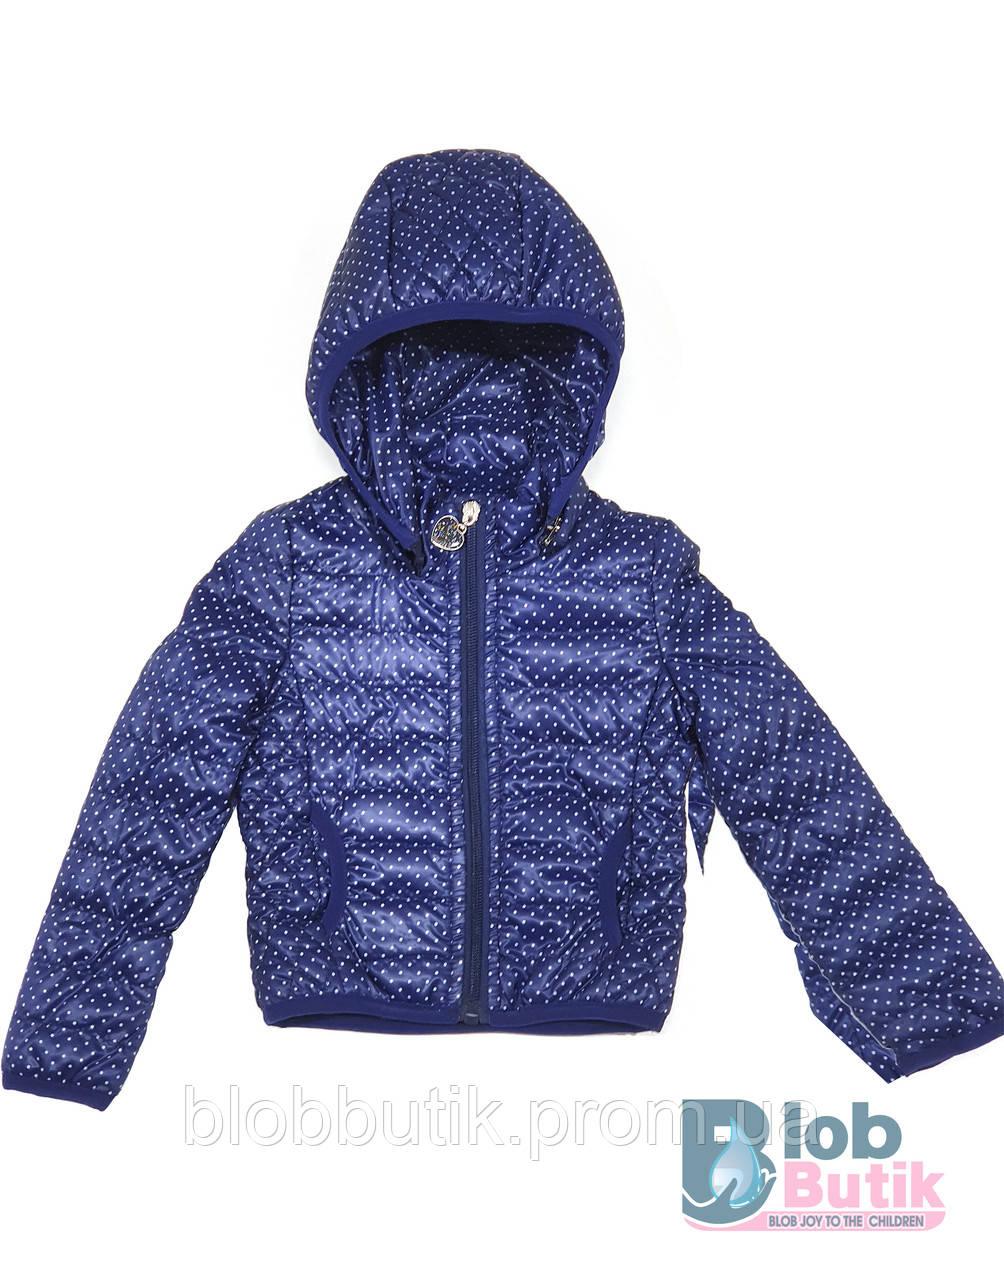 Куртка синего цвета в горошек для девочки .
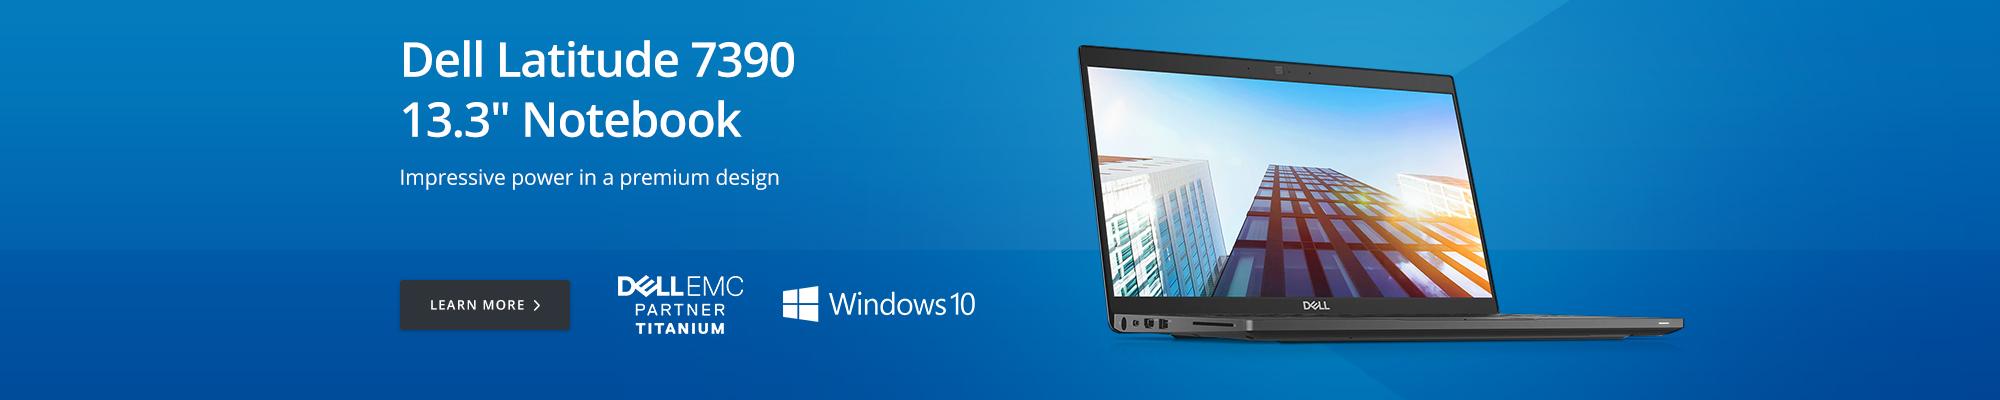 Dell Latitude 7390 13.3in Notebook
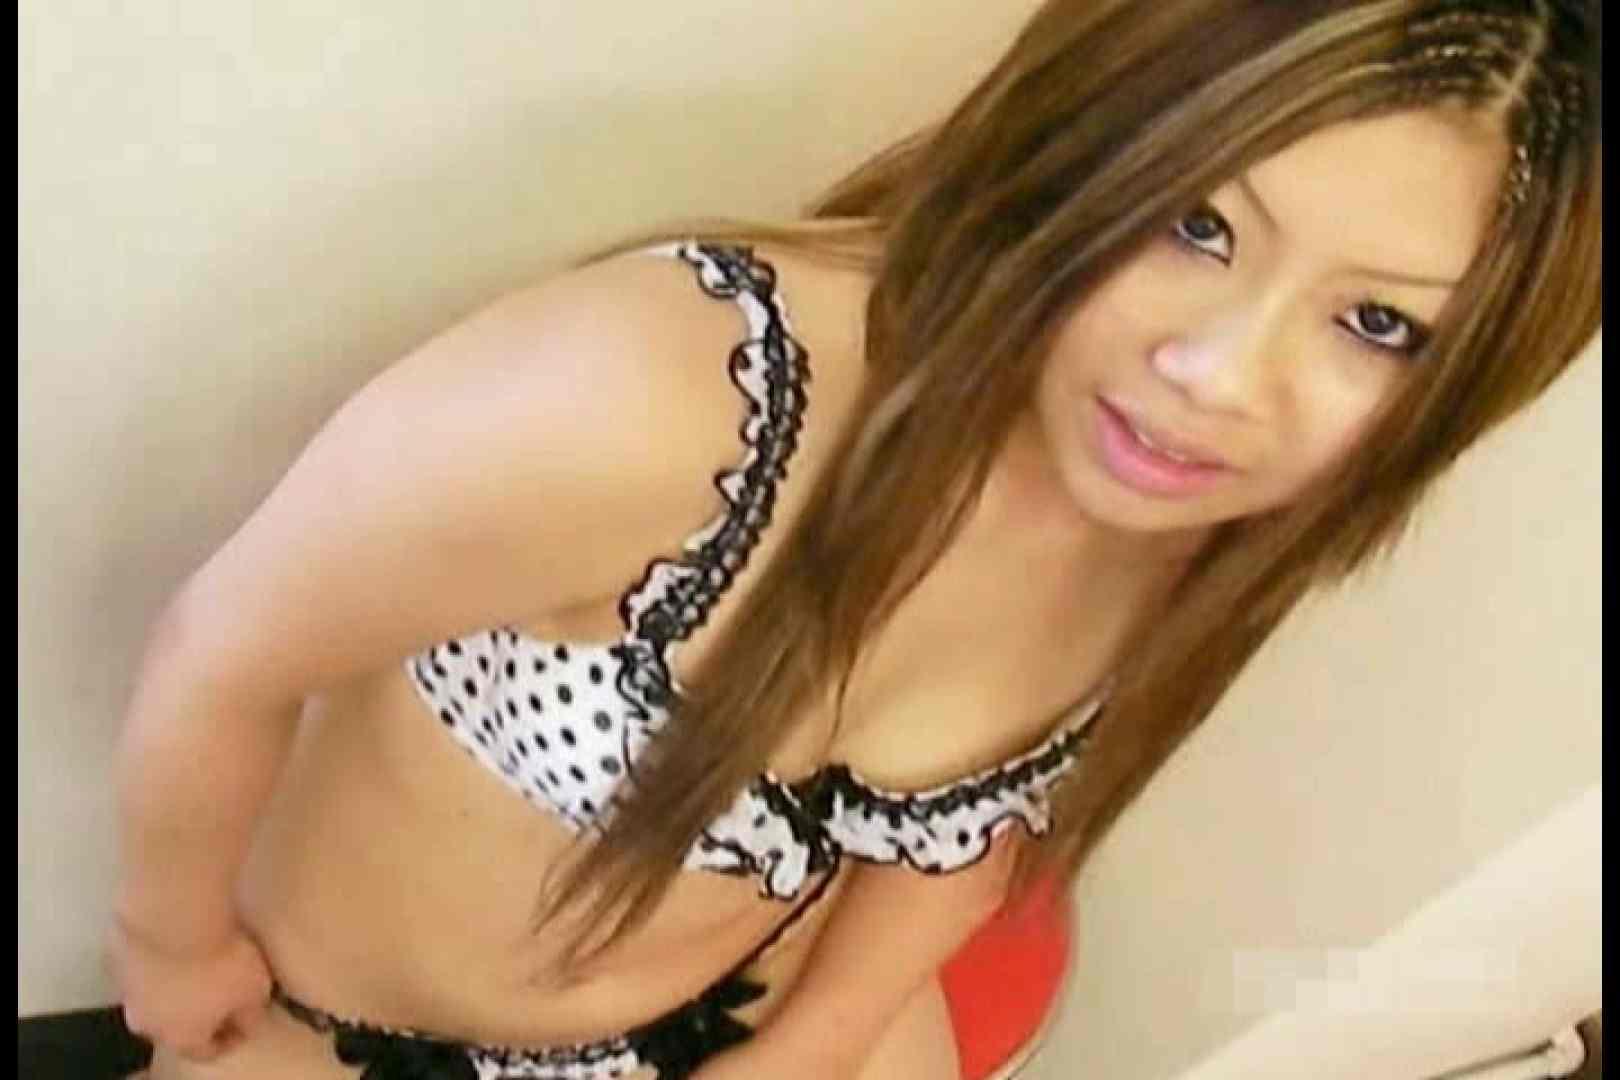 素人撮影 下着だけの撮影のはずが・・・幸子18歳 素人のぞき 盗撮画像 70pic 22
- - - -
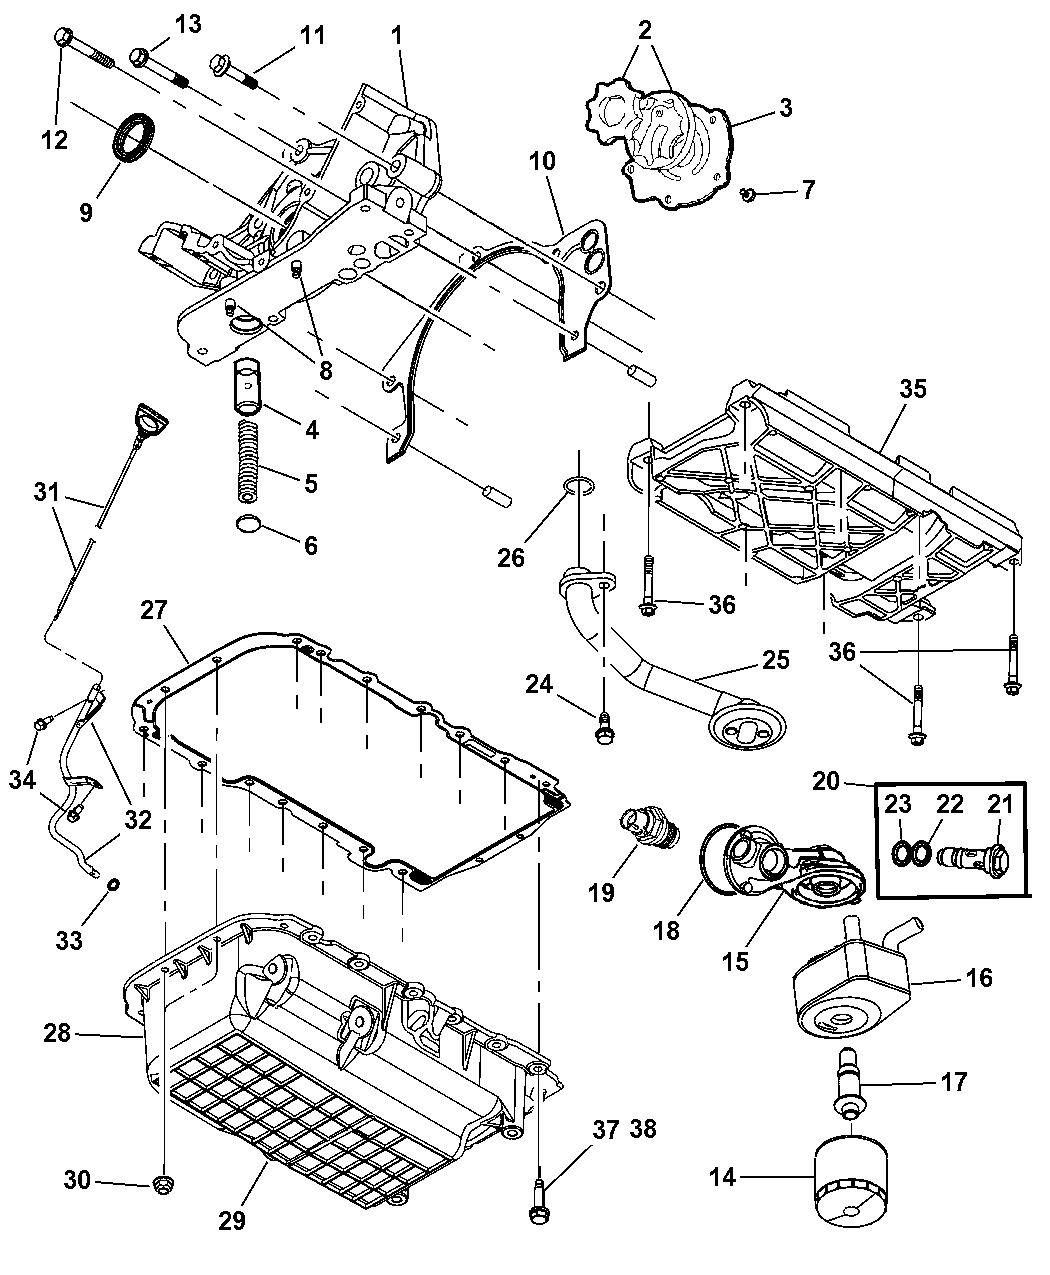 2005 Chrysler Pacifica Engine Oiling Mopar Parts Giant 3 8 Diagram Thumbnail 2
- - - -
◆ DIRECTIONS
In the listing above, find the line containing "Куртка синего цвета в горошек для девочки ." and the line containing "素人撮影 下着だけの撮影のはずが・・・幸子18歳 素人のぞき 盗撮画像 70pic 22", then return both of them and every line between, exactly, without pictures.

◆ YOUR SOLUTION
 Куртка синего цвета в горошек для девочки .
 Dell Latitude 7390 13.3in Notebook
 素人撮影 下着だけの撮影のはずが・・・幸子18歳 素人のぞき 盗撮画像 70pic 22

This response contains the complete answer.